▶
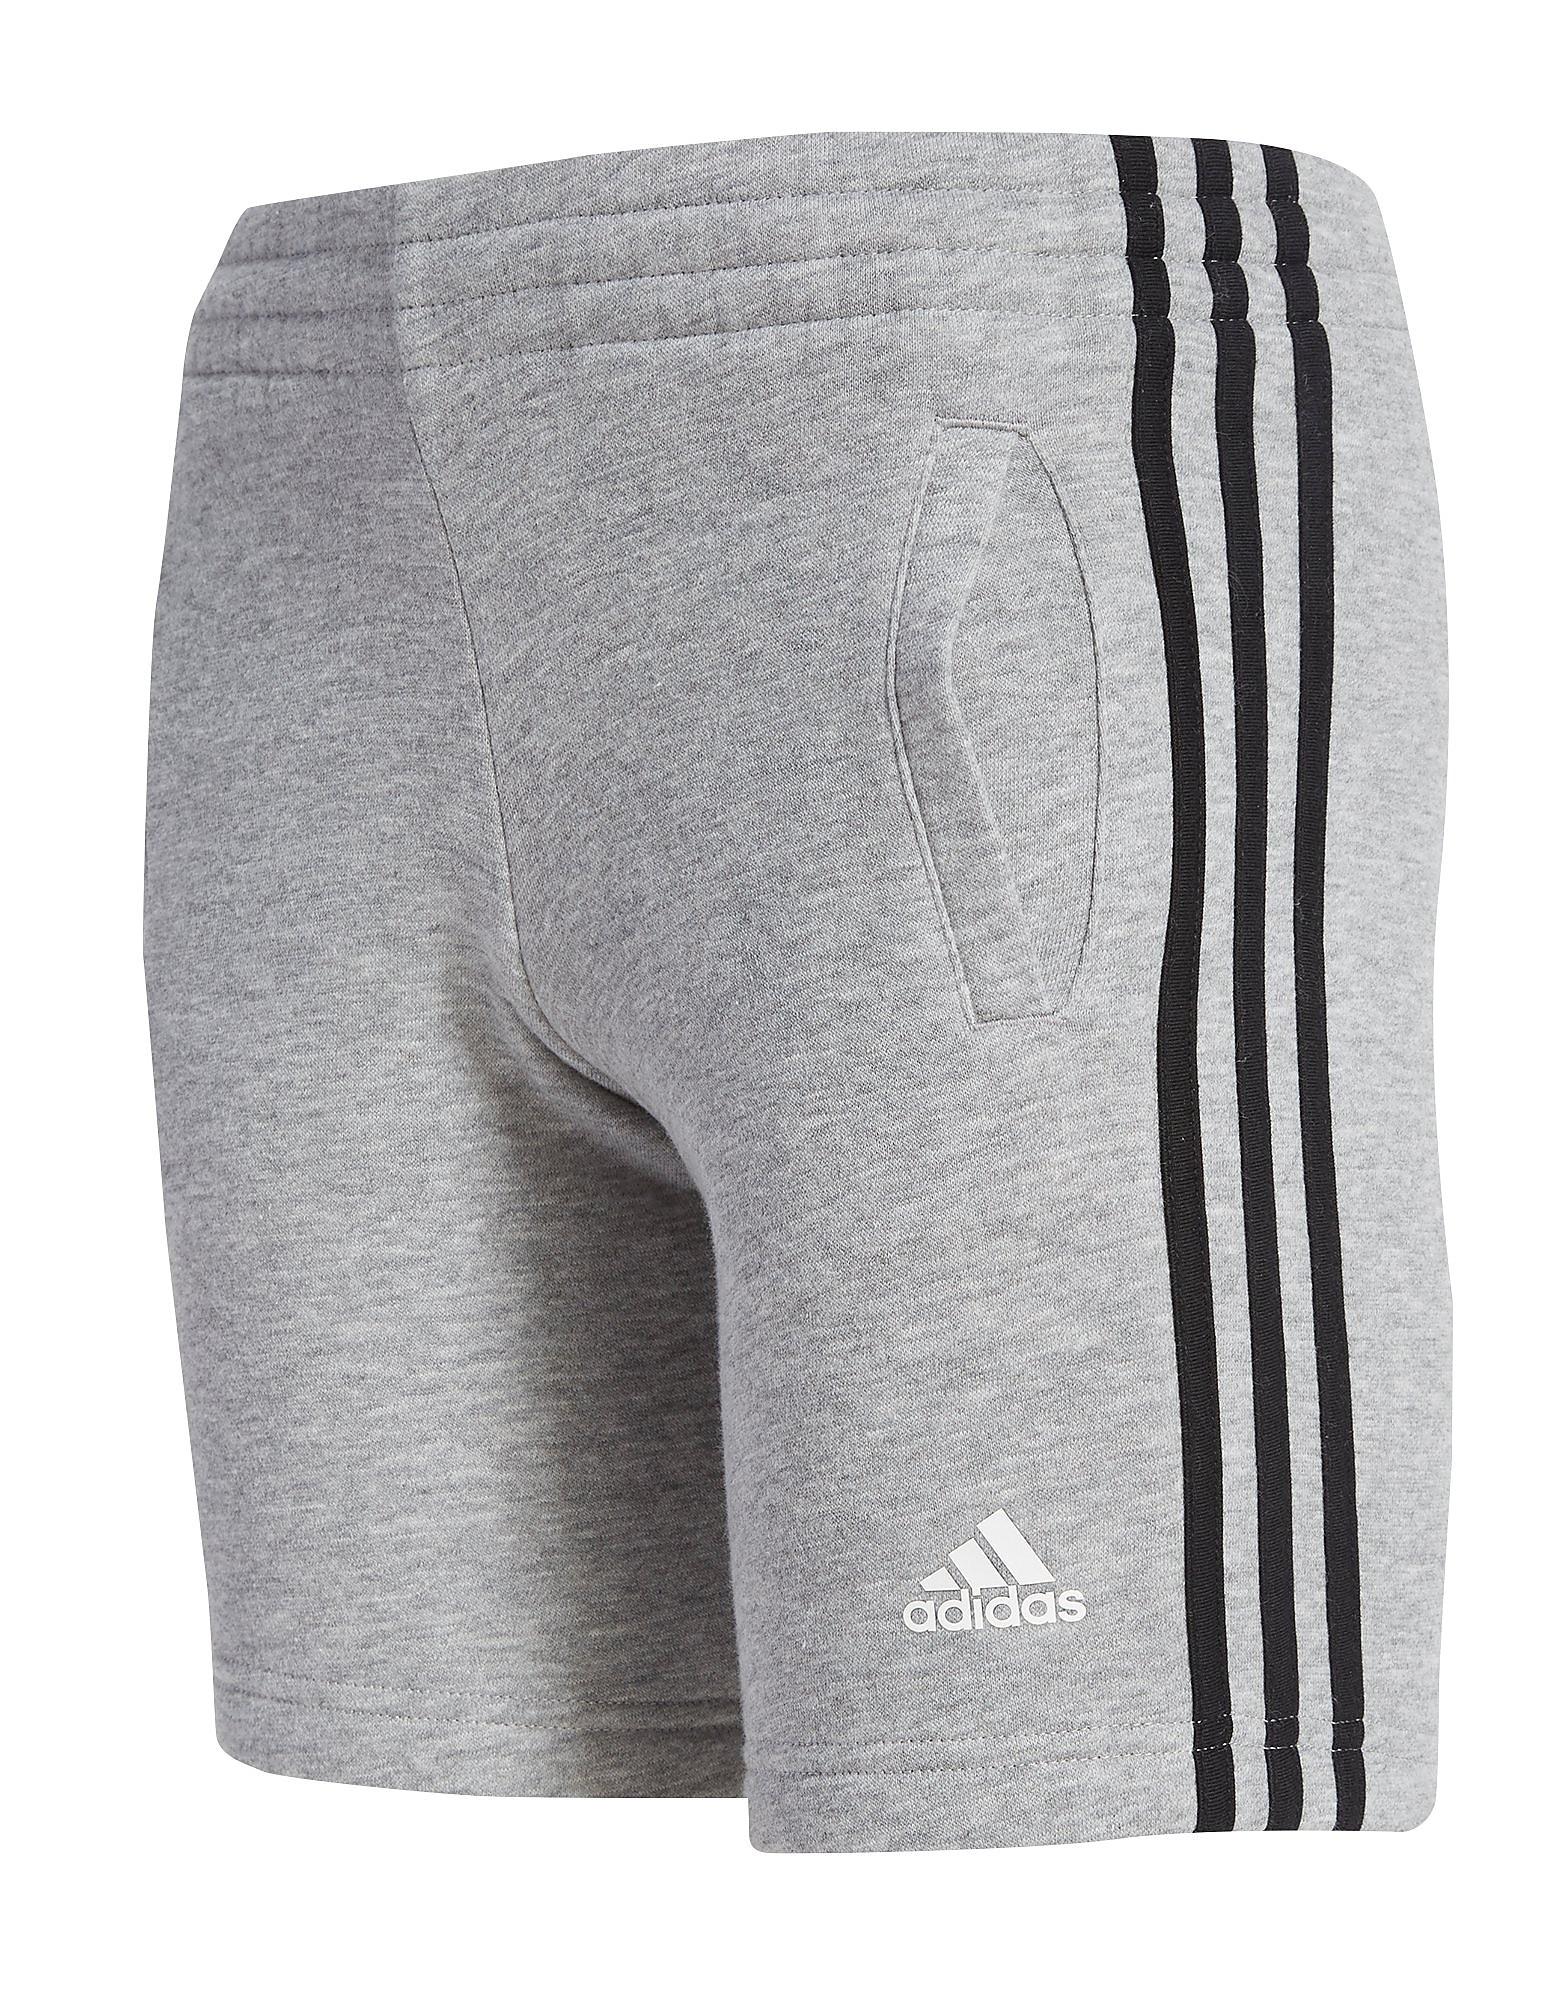 adidas Linear Shorts Children  - Grijs - Kind
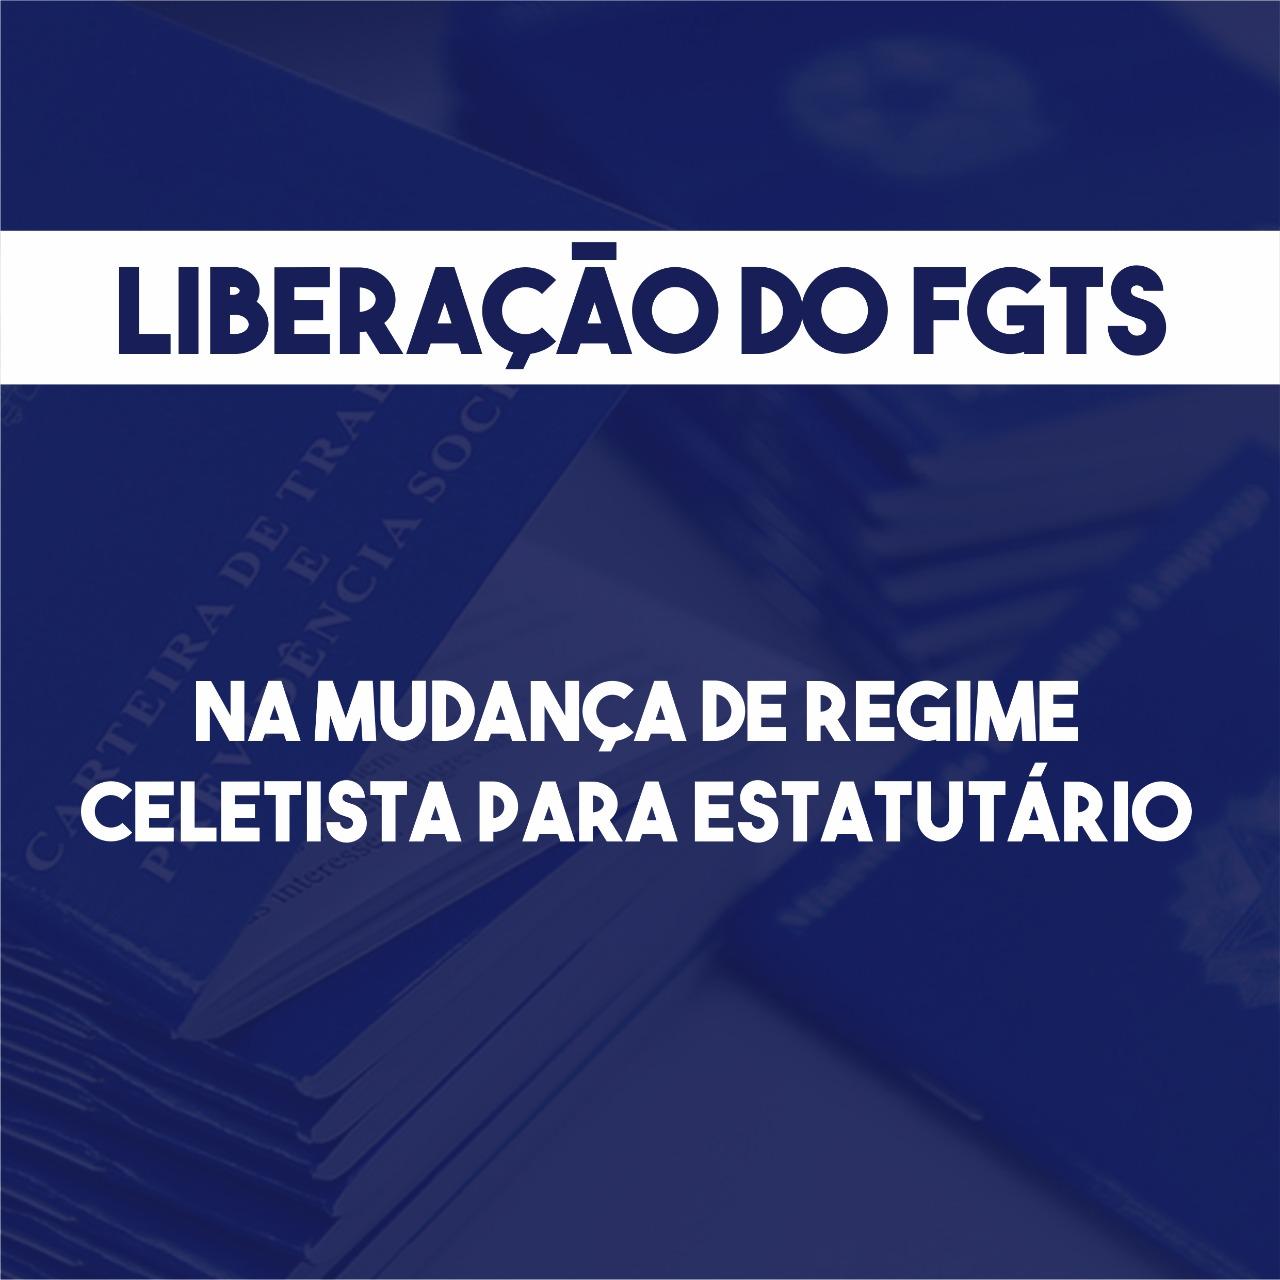 Sindicato garante FGTS para servidores que trocaram de regime em Sagres
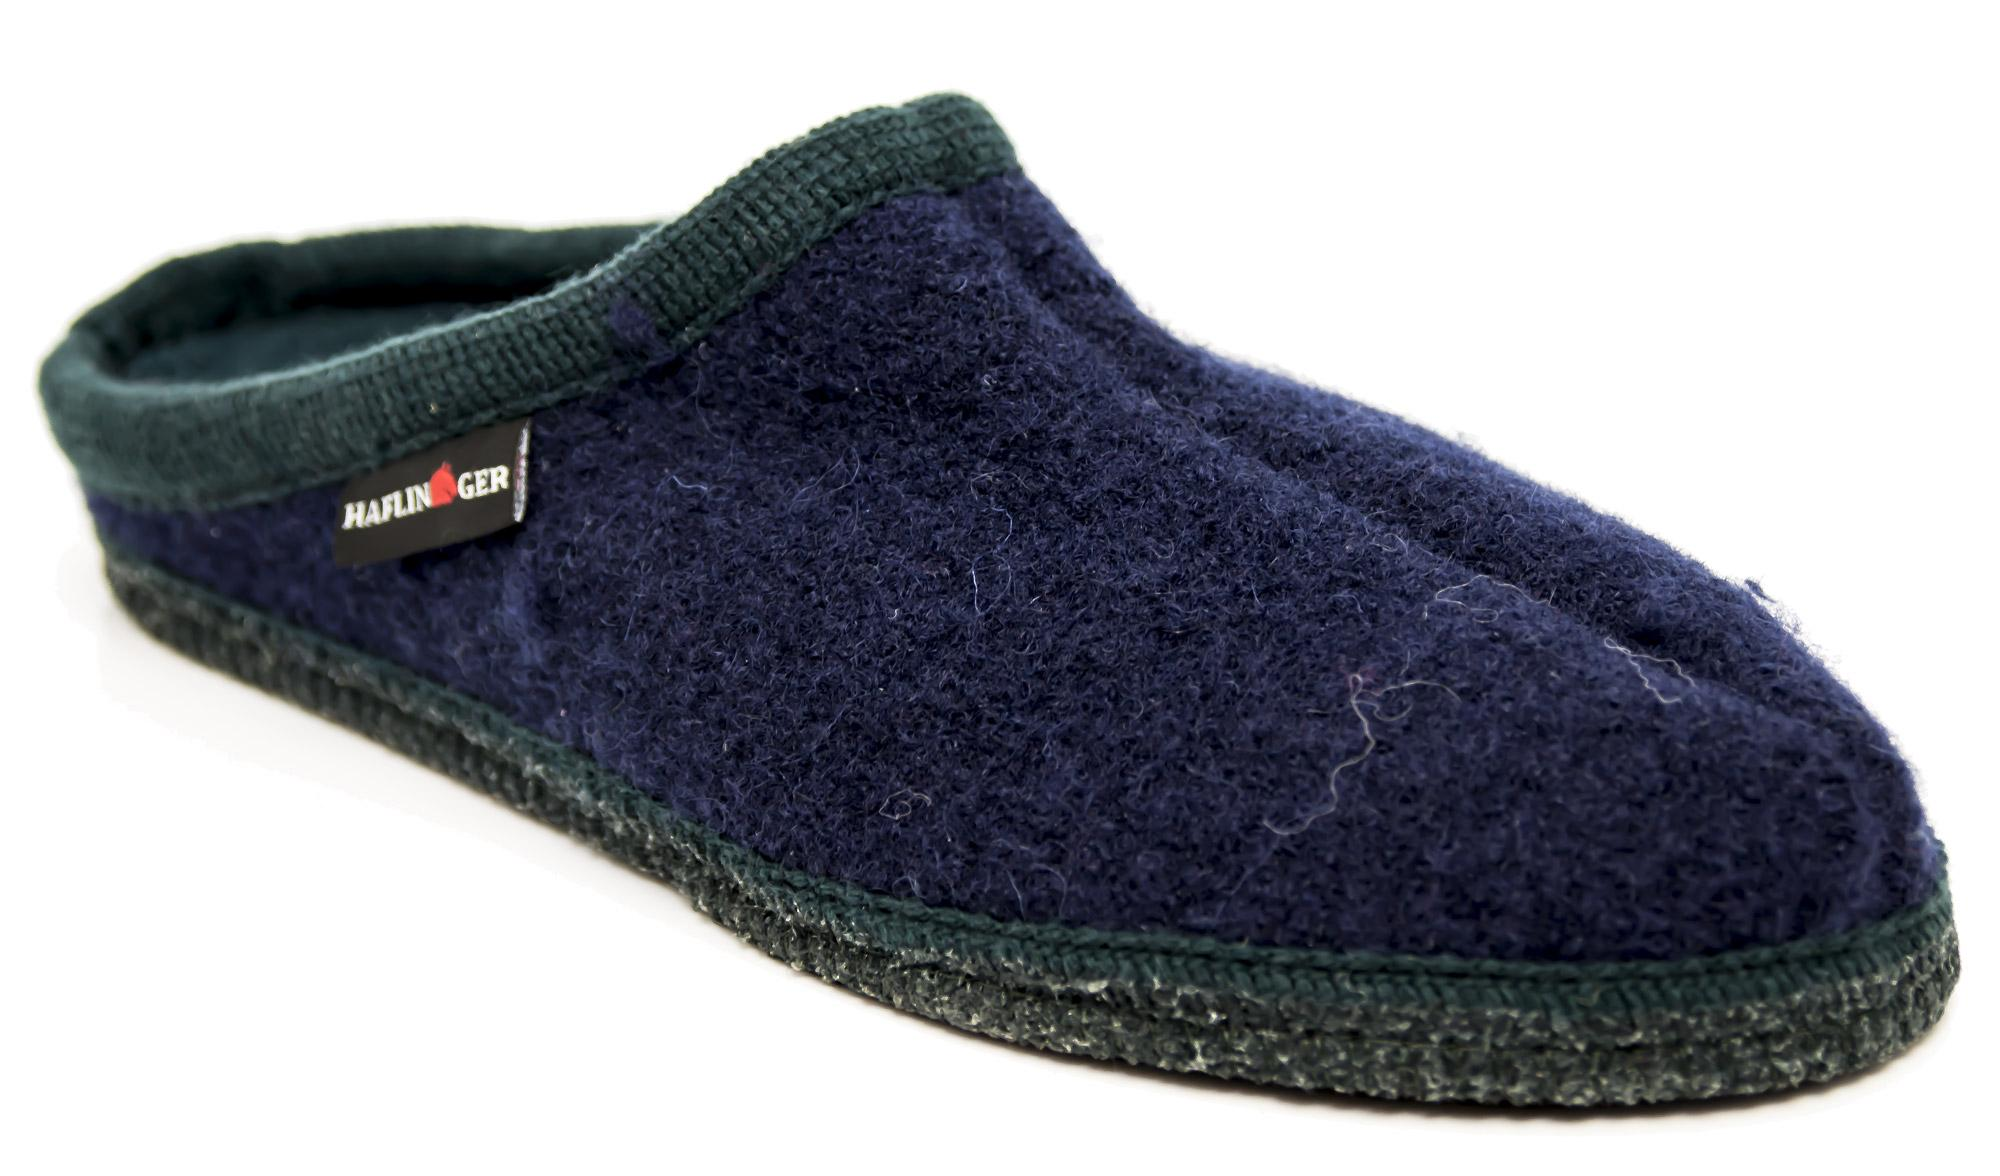 buy popular 98210 6259a Dettagli su Pantofole HAFLINGER Alaska-Jacquar 611001500 in lana cotta
◀
Go through the listing above and retype each line exactly, apart from the pictures.

» **Your response**:
 adidas Linear Shorts Children  - Grijs - Kind
 Sindicato garante FGTS para servidores que trocaram de regime em Sagres
 buy popular 98210 6259a Dettagli su Pantofole HAFLINGER Alaska-Jacquar 611001500 in lana cotta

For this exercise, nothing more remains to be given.